There are multiple reasons for this deafening silence. First among them is the widespread acceptance of state-sanctioned violence as legitimate. Whereas hostile actions of non-state actors such as the Taliban or Boko Haram fighters are viewed as unlawful, similar aggression by the state is often deemed appropriate.
This not only includes overt forms of violence such as drone attacks, unlawful arrests, and police brutality, but also less obvious assaults such as the allocation of resources, including land and water. The state justifies these actions by presenting the victims of its injustices as a threat to the functioning of the state.
Once declared a threat, the individual is easily reduced to bare life – a life without political value. Italian philosopher Giorgio Agamben has described this as a time/place sanctioned by sovereign power where laws can be suspended; this individual can therefore now be made a target of sovereign violence. Terrorists often fall within this category. Thus, the execution of suspected terrorists through drone attacks without due judicial process ensues without much public uproar.
The Israeli police have deployed a similar strategy here. They have argued for extendingAhed’s detention because she “poses a danger” to soldiers (state representatives) and could obstruct the functioning of the state (the investigation).
Casting unarmed Palestinians like Ahed – who was simply exercising her right to protect her family’s wellbeing with all the might of her 16-year-old hand – in the same light as a terrorist is unfathomable. Such framings open the way for authorising excessive torture – Israel’s education minister Naftali Bennett, for instance, wants Ahed and her family to “finish their lives in prison.”
Ahed’s suffering also exposes the West’s selective humanitarianism, whereby only particular bodies and causes are deemed worthy of intervention.
Anthropologist Miriam Ticktin argues that while the language of morality to alleviate bodily suffering has become dominant in humanitarian agencies today, only particular kinds of suffering bodies are read as worthy of this care.This includes the exceptionally violated female body and the pathologically diseased body.
Such a notion of suffering normalises labouring and exploited bodies: “these are not the exception, but the rule, and hence are disqualified.”

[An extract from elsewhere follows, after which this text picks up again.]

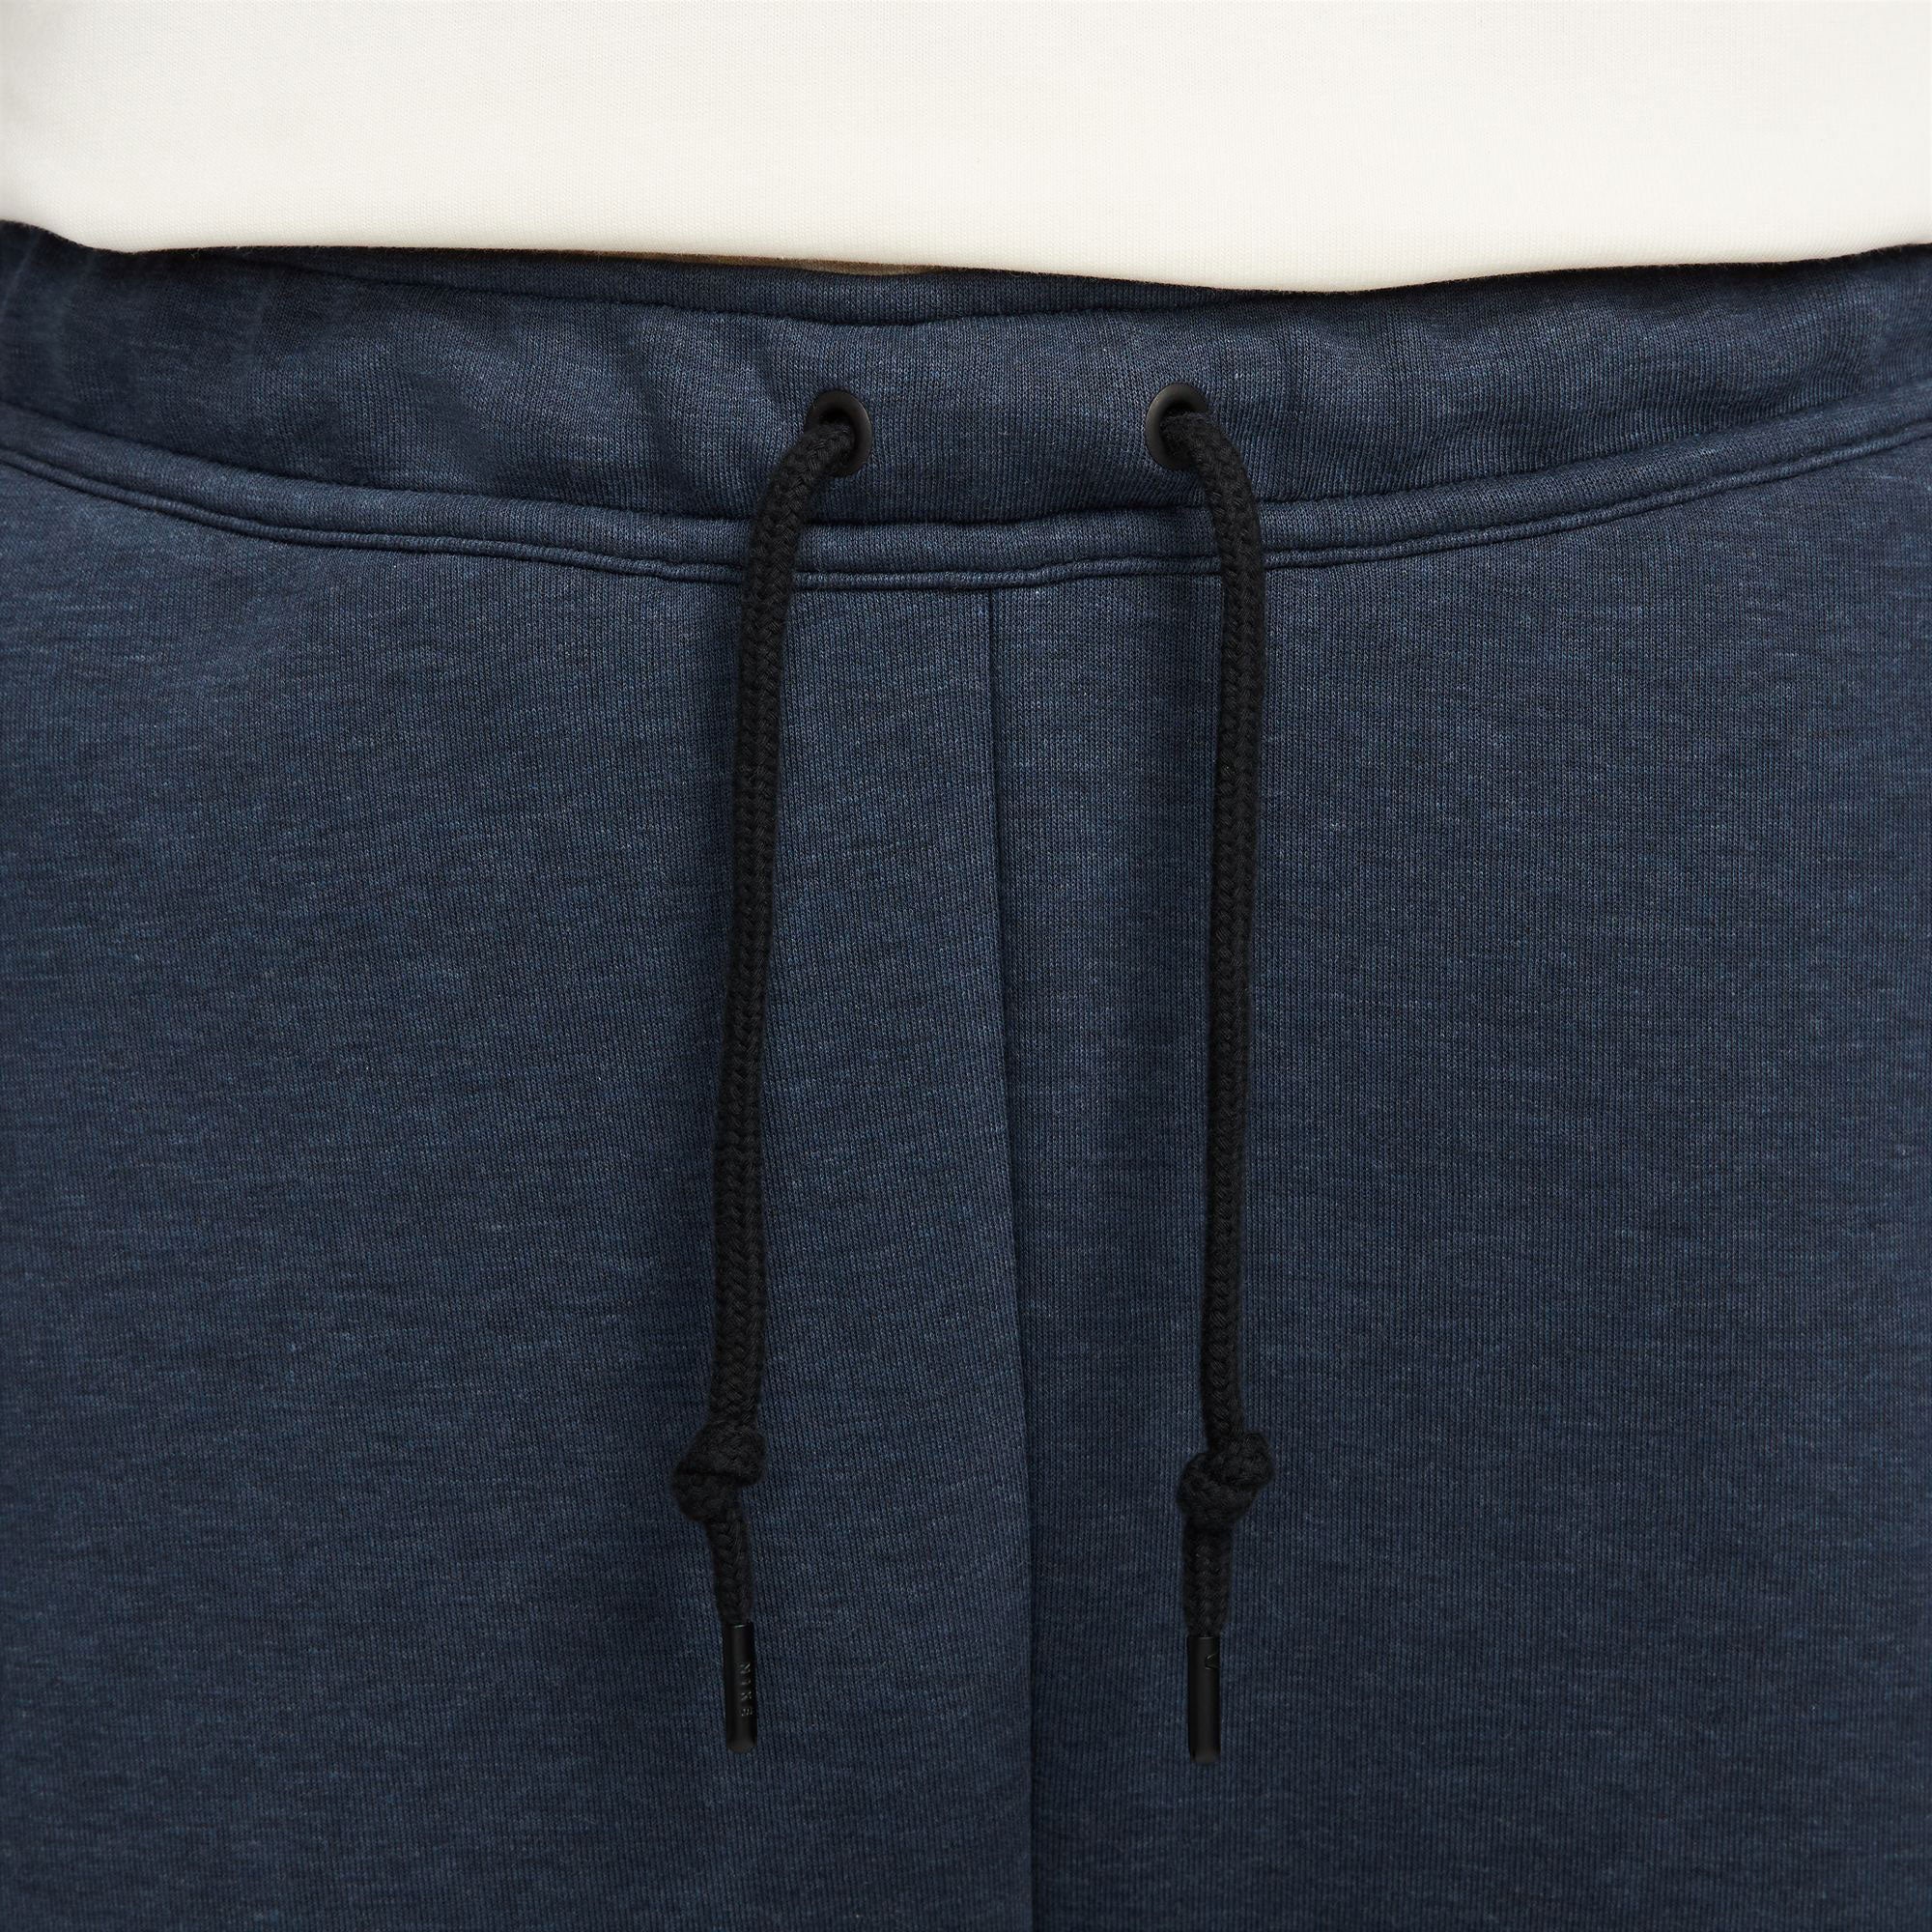 Nike Tech Fleece Men's Pants Dark Blue (4)

Issues of unemployment, hunger, threat of violence, police brutality, and denigration of cultures are thus often not considered deserving of humanitarian intervention. Such forms of suffering are seen as necessary and even inevitable. Ahed, therefore, does not fit the ideal victim-subject for transnational advocacy.
Relatedly, girls like Ahed who critique settler colonialism and articulate visions of communal care are not the empowered femininity that the West wants to valourise. She seeks justice against oppression, rather than empowerment that benefits only herself.
Her feminism is political, rather than one centred on commodities and sex. Her girl power threatens to reveal the ugly face of settler-colonialism, and hence is marked as “dangerous”. Her courage and fearlessness vividly render all that is wrong with this occupation.
Ahed’s plight should prompt us to interrogate our selective humanitarianism. Individuals who are victims of state violence, whose activism unveils the viciousness of power, or whose rights advocacy centres communal care, deserve to be included in our vision of justice.
Even if we don’t launch campaigns for Ahed, it is impossible for us to escape her call to witness the mass debilitation, displacement and dispossession of her people. As Nelson Mandela said, “We know too well that our freedom is incomplete without the freedom of the Palestinians.”